Julian is killed in battle by an arrow. Jovian publicly declares his Christianity and is acclaimed emperor. Arimhar converts to Christianity and the two sides make peace. Nisibis and the Sinjar Mountains are handed over to Persia for a hundred years because they belong to the land of the Aramoye. Shapur promises toleration of Christians and the restoration of trade.

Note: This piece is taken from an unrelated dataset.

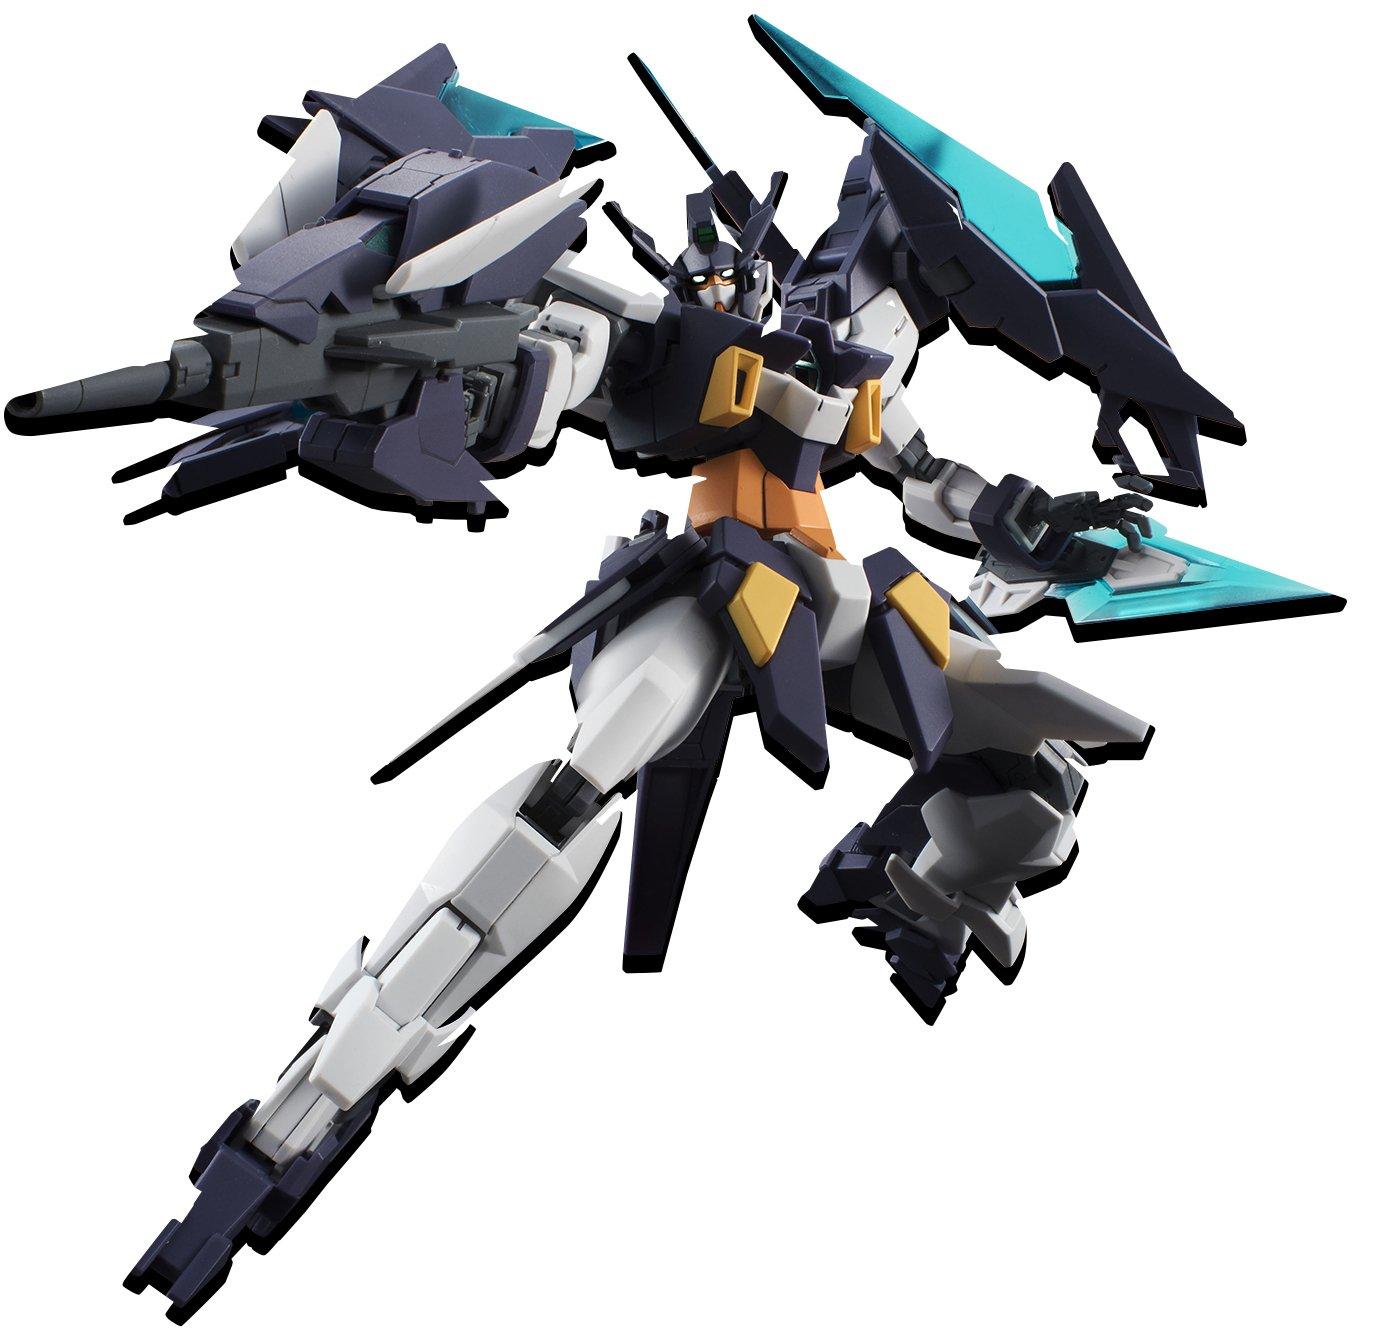 Bandai HGBD 1/144 Gundam AGEII Magnum Plastic Kit: Amazon.de: Spielzeug

At his coronation, Jovian has the crown placed on a cross, kneels before the cross and lets the crown fall onto his head. He visits Edessa, where he is given a crown "made with care in the days of king Abgar". He heals a sick woman and then returns to Constantinople. The narrative ends abruptly at this point.

==Influence==
The Julian Romance influenced the later Syriac apocalyptic tradition, notably the Apocalypse of Pseudo-Methodius, and also the Arabic historiographic tradition, notably the History of the Prophets and Kings of al-Ṭabarī. Its influence can also be seen in Greek and Georgian literature.